** Opening Information shown block **

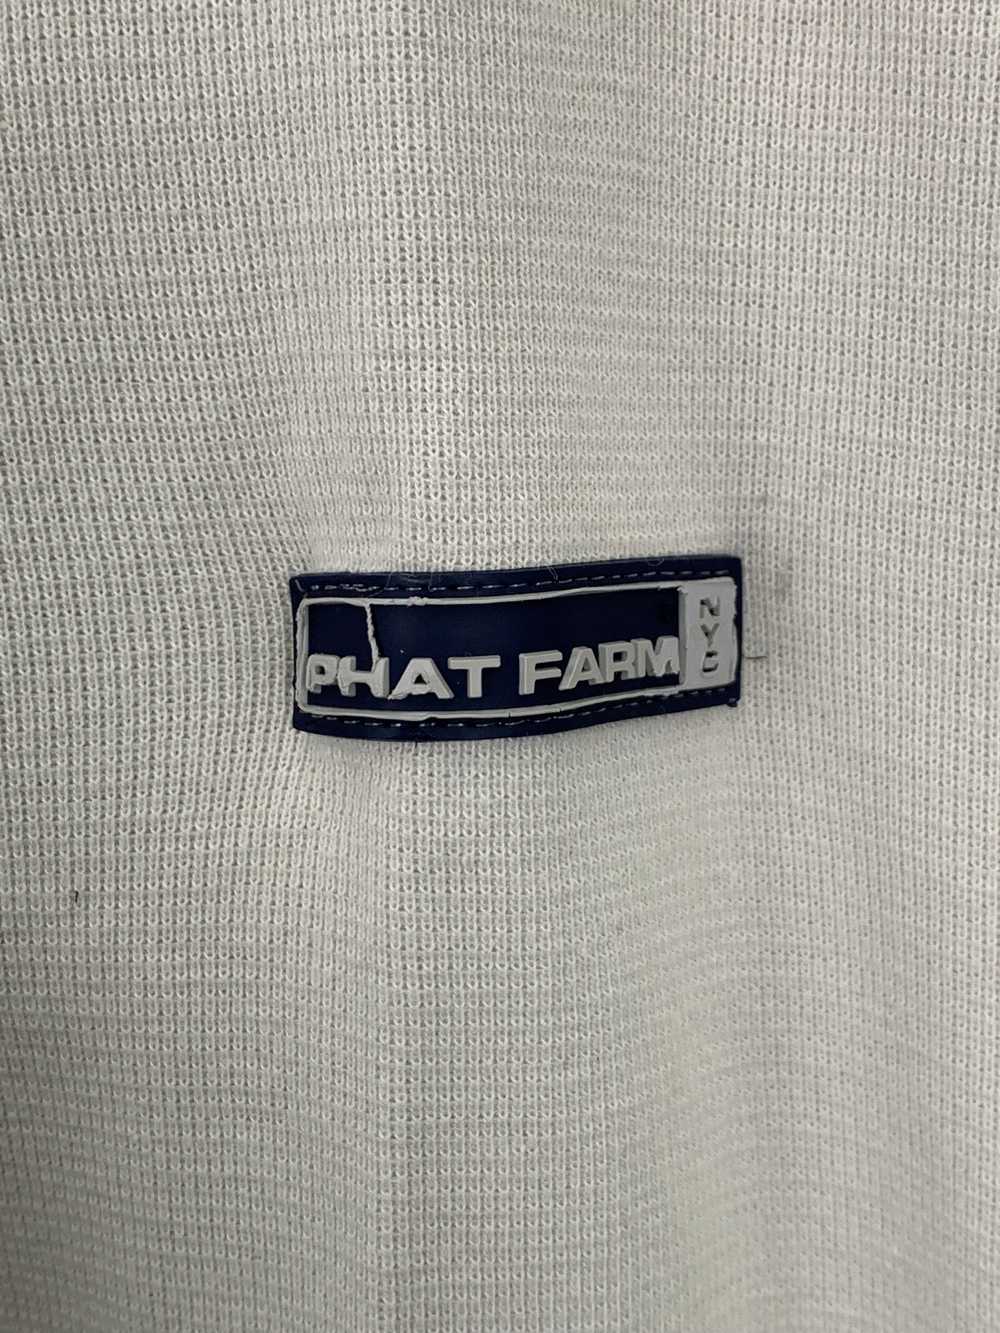 Vintage - Vintage 90s Phat Farm T Shirt - image 3
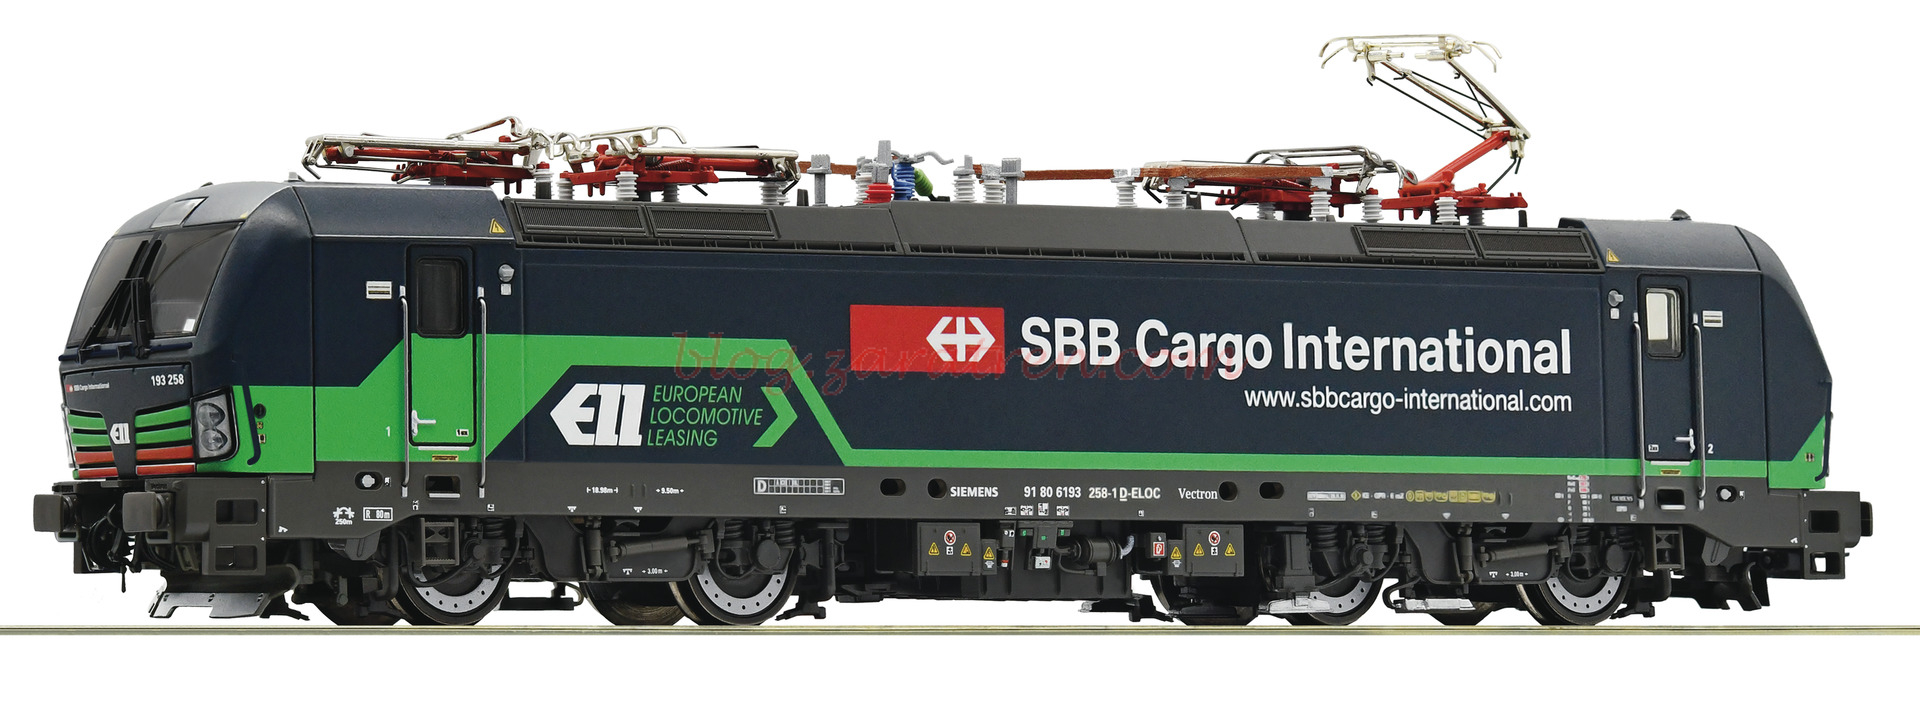 Roco – Maquina electrica SBB Cargo International 193 258-1, D.Sonido, Escala H0, Ref: 71955
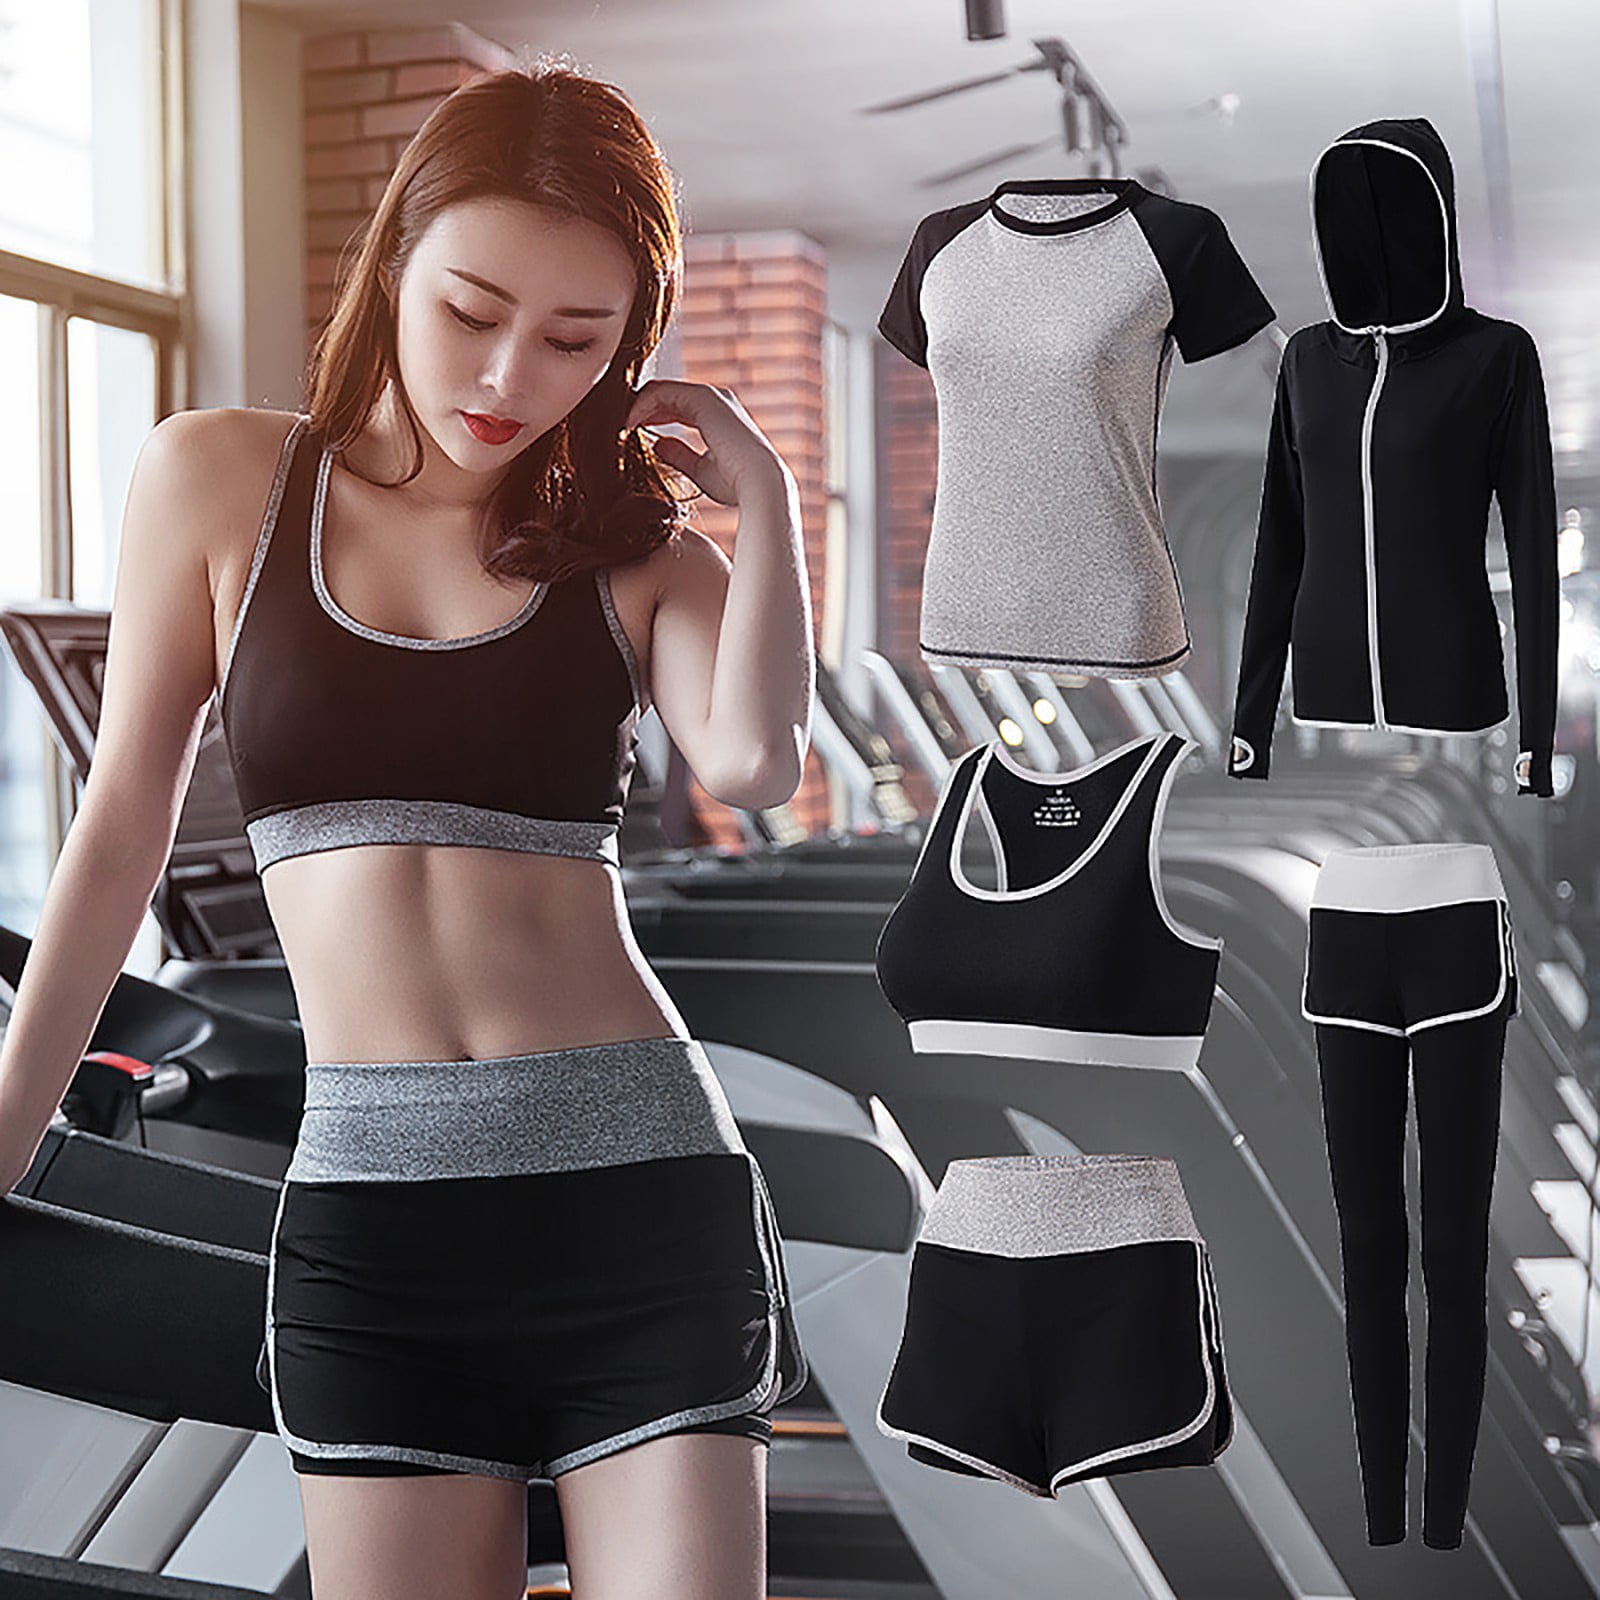 XPINYT 5pcs Workout Outfits for Women Athletic Sets Sport Suits Yoga Gym Fitness Exercise Clothes Jogging Tracksuits

** Closing Information shown block **

#### What to do
Everything in the preceding material must be transcribed exactly, except the images.

#### Result
 Vintage - Vintage 90s Phat Farm T Shirt - image 3
 Roco – Maquina electrica SBB Cargo International 193 258-1, D.Sonido, Escala H0, Ref: 71955
 XPINYT 5pcs Workout Outfits for Women Athletic Sets Sport Suits Yoga Gym Fitness Exercise Clothes Jogging Tracksuits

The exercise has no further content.